Its funny that some people buy Nvidia for raytracing but because they arent paying a grand for the top end its still too much of a performance cost to leave on. Its also funny that people will even have a more positive sentiment to 3000 series for raytracing when AMD is actually pretty comfortable against even the 3090 when it comes to RT
What they should do is make it a 72-hour pass and charge the same amount of money. They can easily mark it as trying it out for a weekend. $4 to binge game over a weekend is very reasonable, and it's the ideal time to be testing out a service like that.

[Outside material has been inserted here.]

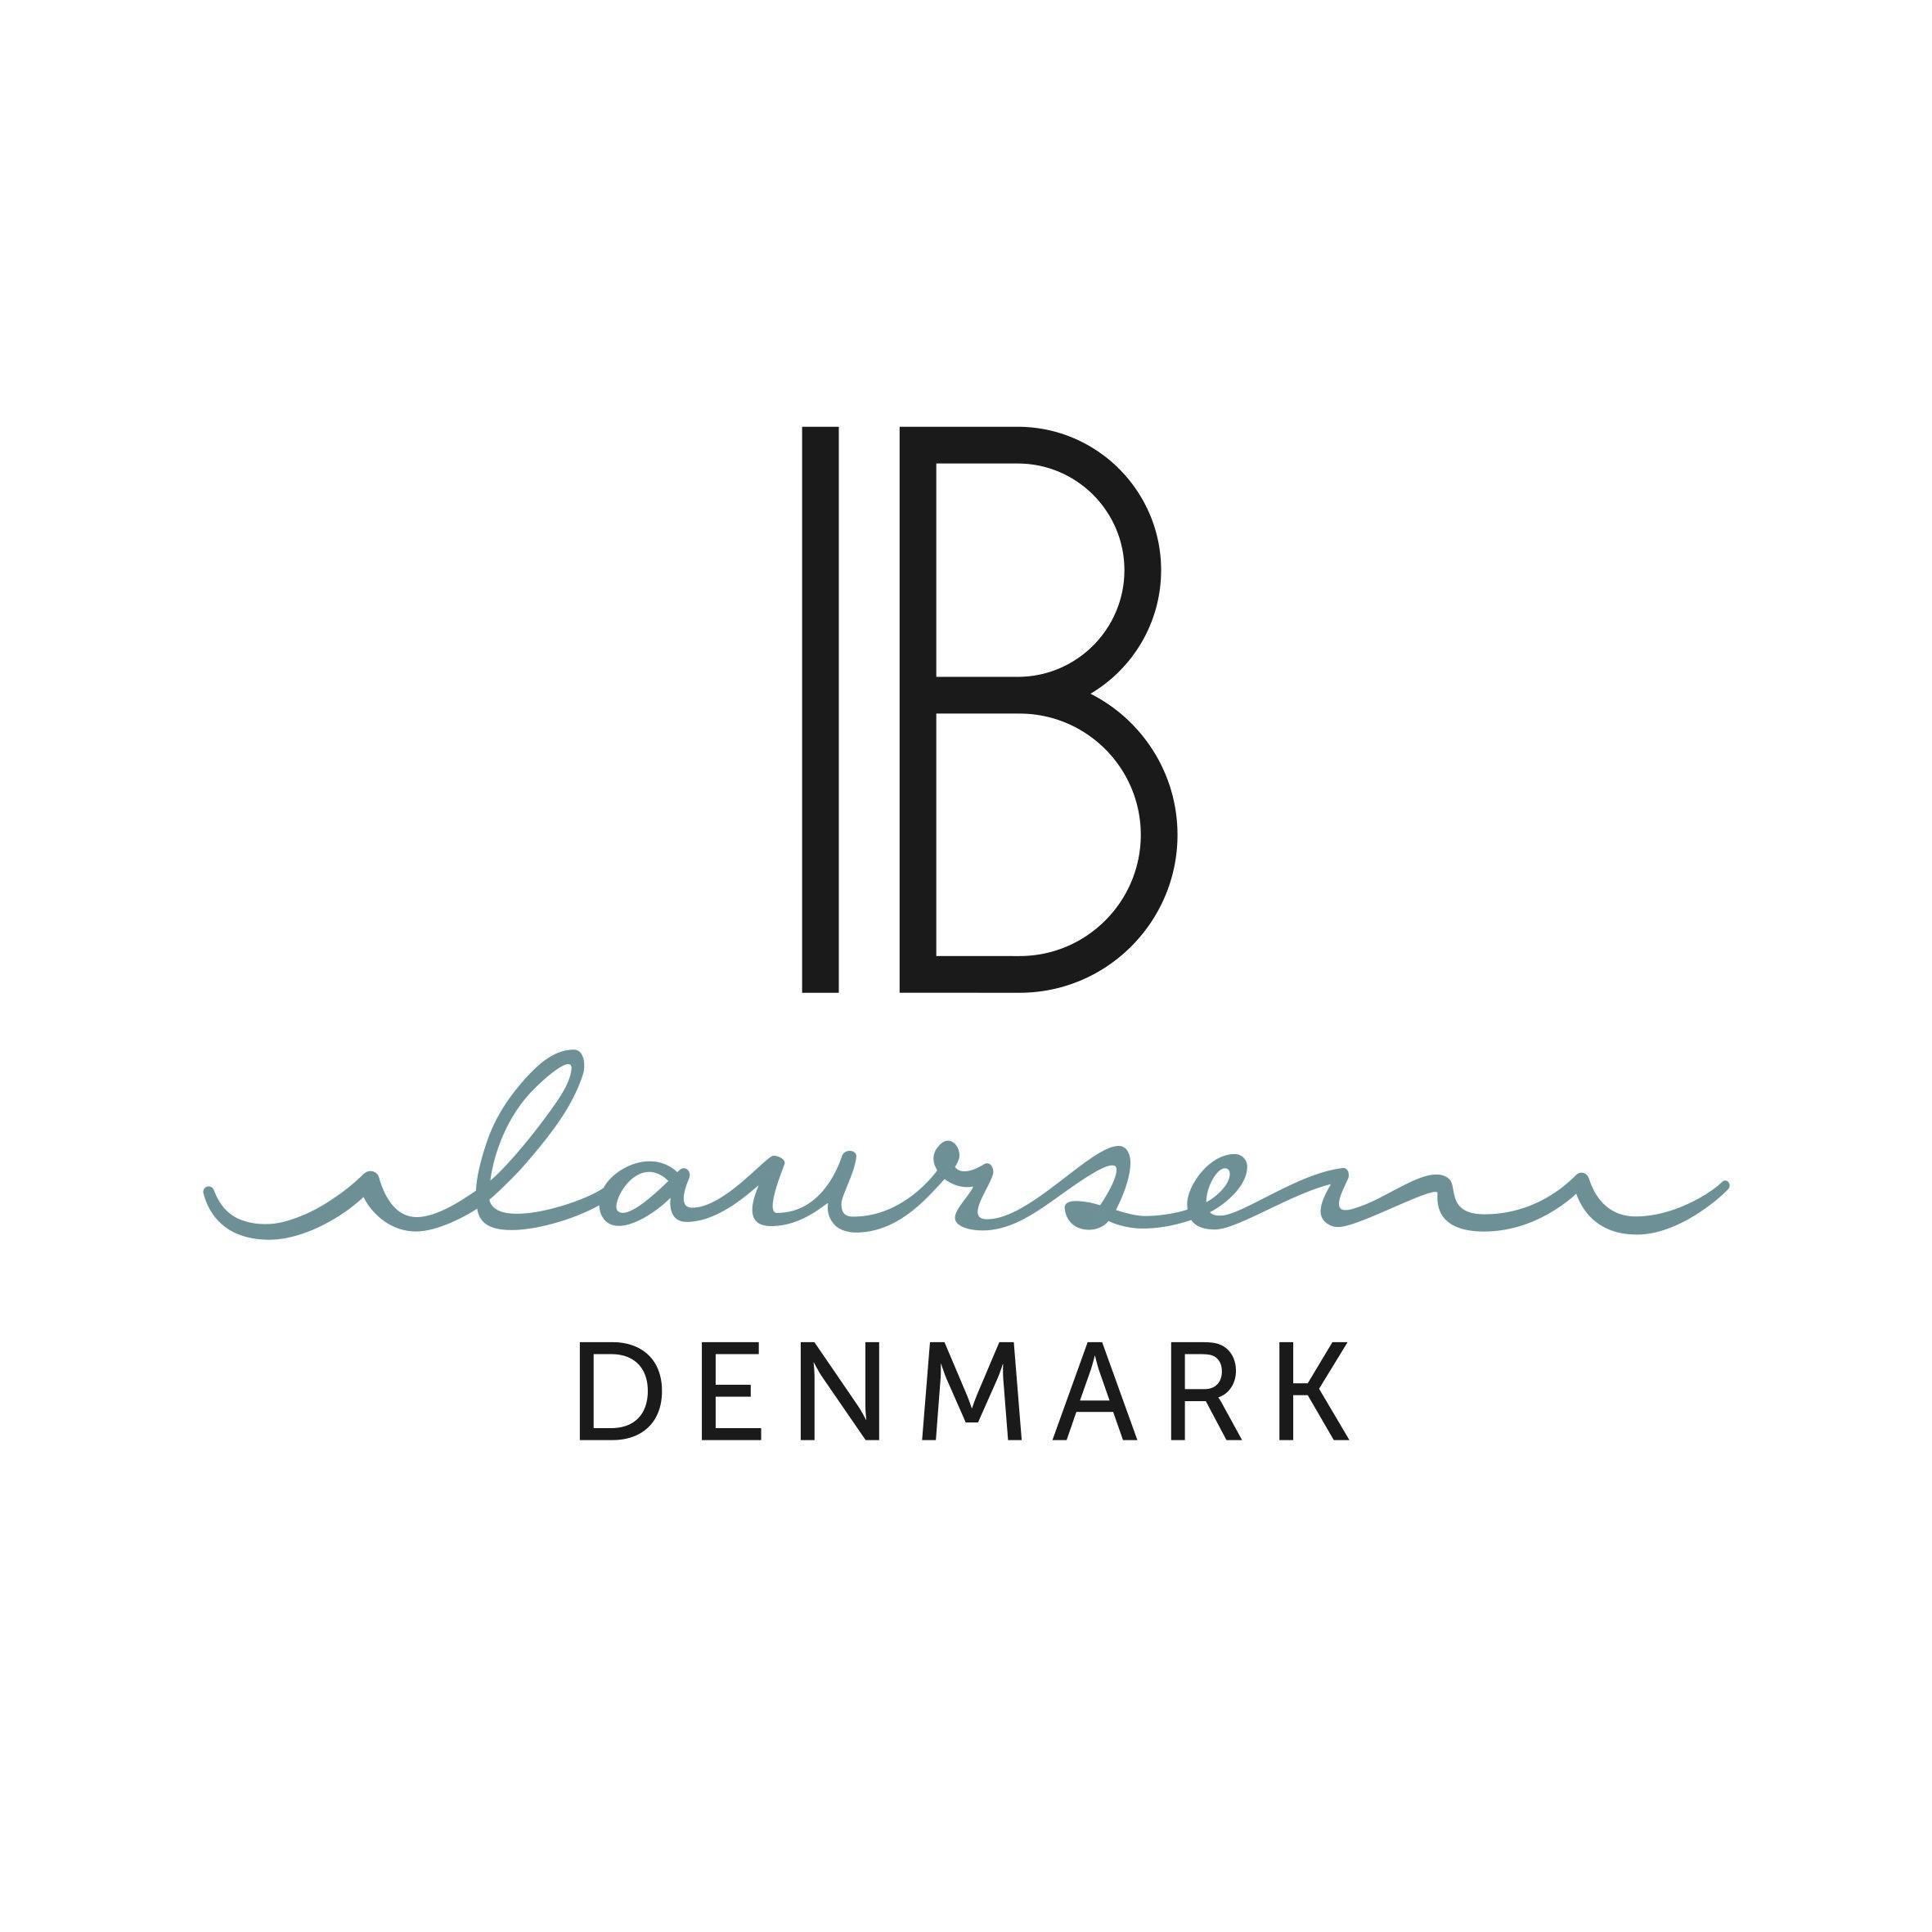 ibl-denmark

In poorer countries that price difference is bigger, whilst having a higher demand I would pay for a single day just to feel how its like to play on a newer pc without having to pay a rather high price, but i understand how stupid it is in more advanced ecomomically countries
I don't think line is understanding the manipulation nivida is doing here with the day pass it's there so someone looks at it and goes why would I pay for that then get the longer day one and more likely chance they would forget to cancel
geforce now helped me alot back when i still was running a shitty setup and some games couldn't run but also, when my gpu died and i was looking for a replacement, 10$ and play for a month or go into debt
unless they got a server less than 150ms away from where i live (they dont), this kind of thing is useless to me and a step backwards. so i bought a 7900xt.
My issue with AMDs lineup is ... that excuse everyone gives "if you dont care about RT and the AI features and DLSS and all of that its quite compelling" yeah, or you can pay basically the same price and get all of that. Even if you dont think you will use it, you might as well go for it and have it but not need it instead of risking 2 years down the line needing it but not having it. plus you get better drivers, better compatibility with software, and better efficiency.
when you add in all the require number sum instead of percentage fees then the percentage fees you get to 1 USD would just make them a few cents per transactions and cost more than a few cents to hold in the accounting spreadsheet if they do it multiple times. So it is profitable for nVidia to have it at a minimum of 4 USD though i do agree with Linux if the same user buys the subscription in the same month it should go towards paying the sub so it is 4 + 6 USD for the first month or 4 + 7 USD the first month so nVidia doesn't lose any profit.
Problem is, trial periods are marketing. They're not supposed to make a profit, they're supposed to attract long term customers who will eventually pay more than what the trial period cost the business.
Oh I need to find the service that had the regular stuff like Monthly subsciption but they also sold single day tickets as it was called. think of it as you bought 10 coupons and every time you used a coupon you got a day of the service this was great for people that used the service 1-2 a month as the they said I dont want a monthly subscription because I dont need to use the service daily or even weekly.
The "if you don't care about xyz" must be a big deal to a bunch of people if Nvidia keeps seeling they way they do despite pricing and competitors. I'd love to know why Luke is so certain ray tracing isn't important to a lot of people- I'd guess LMG has a self sampling bias
The ONE use case I see is for Videogame Journalists to have a preview session of an unreleased game. $4 from PR of whatever is a good deal for high quality access to your game for a short time for Marketing/journalistic purposes. For the average pixel blaster dont bother.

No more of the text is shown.